Pawn Shop Chronicles, also known as Hustlers, is a 2013 American crime comedy film directed by Wayne Kramer and written by Adam Minarovich. The film stars an ensemble cast, led by Paul Walker, Matt Dillon, Brendan Fraser, Vincent D'Onofrio, Norman Reedus, and Chi McBride. Centering on the events in and around a pawn shop, Pawn Shop Chronicles tells three overlapping stories involving items found within said pawn shop.  This was Walker's final film to be released during his lifetime, as he died four months after its release.

The film received a limited theatrical release in July 2013.

Cast

Production

Fred Durst was originally set to direct.

The movie was filmed in Baton Rouge, Louisiana, in June 2012. The film's carnival scene was filmed at William and Lee Park in Port Allen, Louisiana.

Critical reception
On Rotten Tomatoes it has a 18% approval rating based on reviews from 17 critics. On Metacritic the film has a score of 26 out 100 based on reviews from 10 critics, indicating "generally unfavorable reviews".

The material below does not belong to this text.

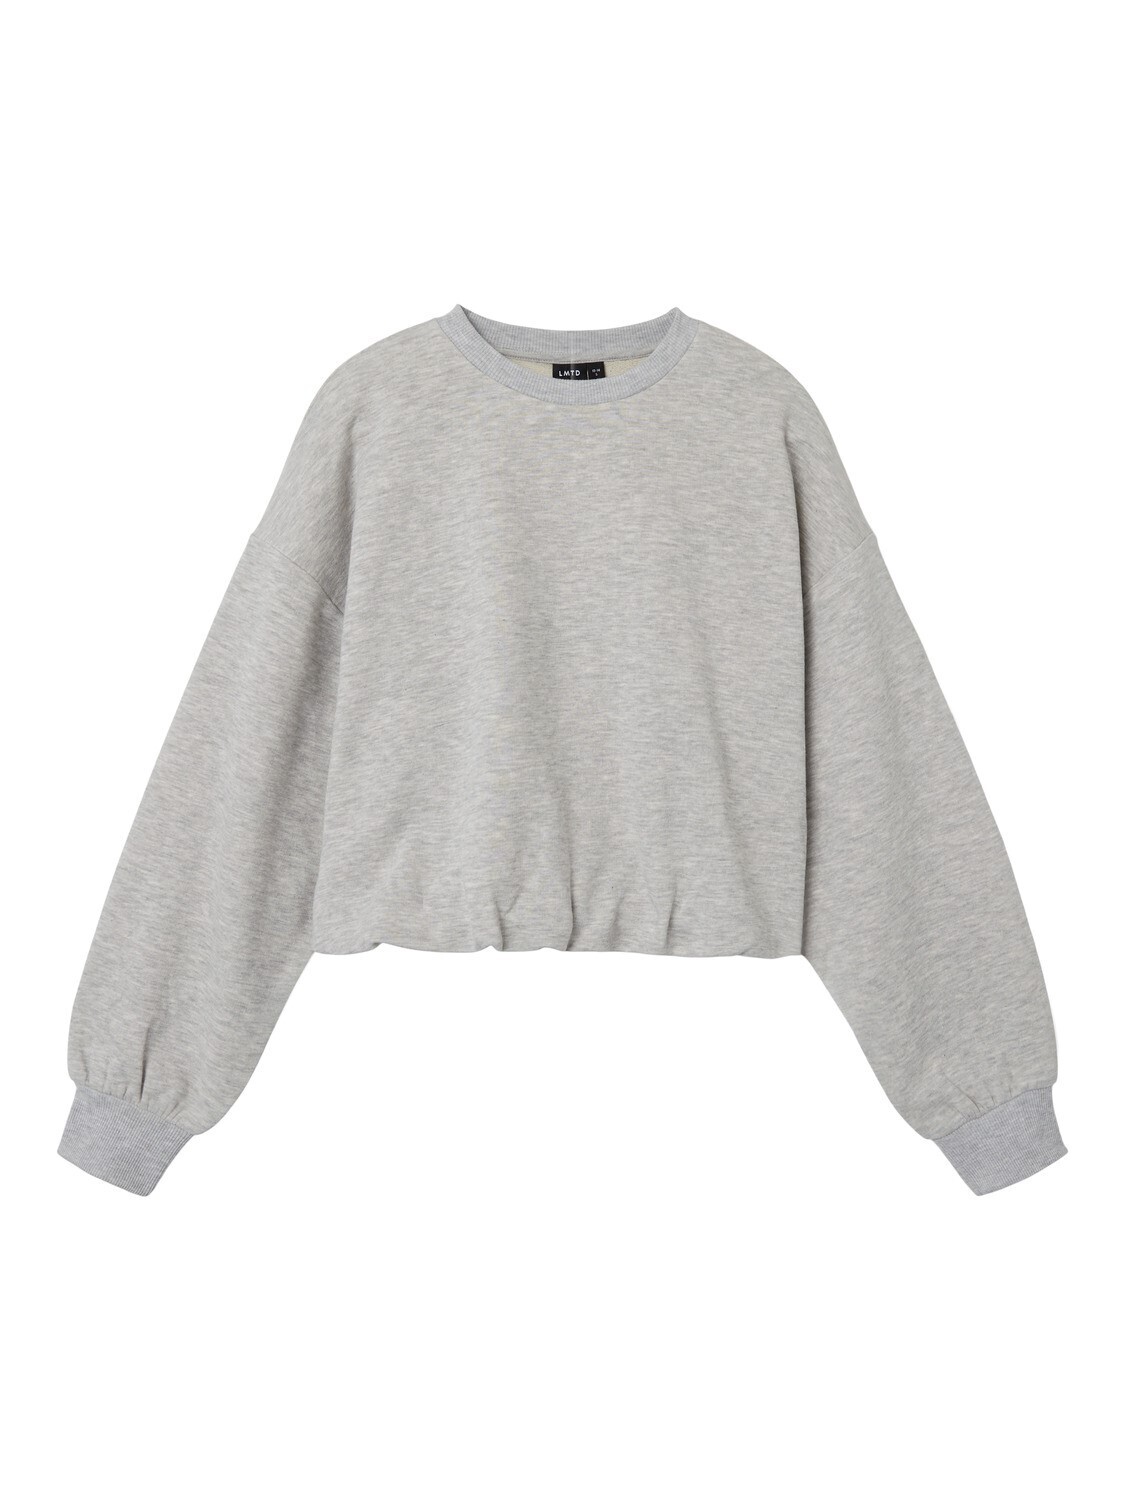 KIDS cropped sweater - HOPAL - light grey

Variety called it "A sub-Tarantino triptych of comic-violent tall tales consisting mostly of bad things happening to dumb people." Stephen Holden of The New York Times, said of the film, "Hee Haw meets Pulp Fiction at the meth lab: That describes the style of Pawn Shop Chronicles, a hillbilly grindhouse yawp of a movie that belches in your face and leaves a sour stink."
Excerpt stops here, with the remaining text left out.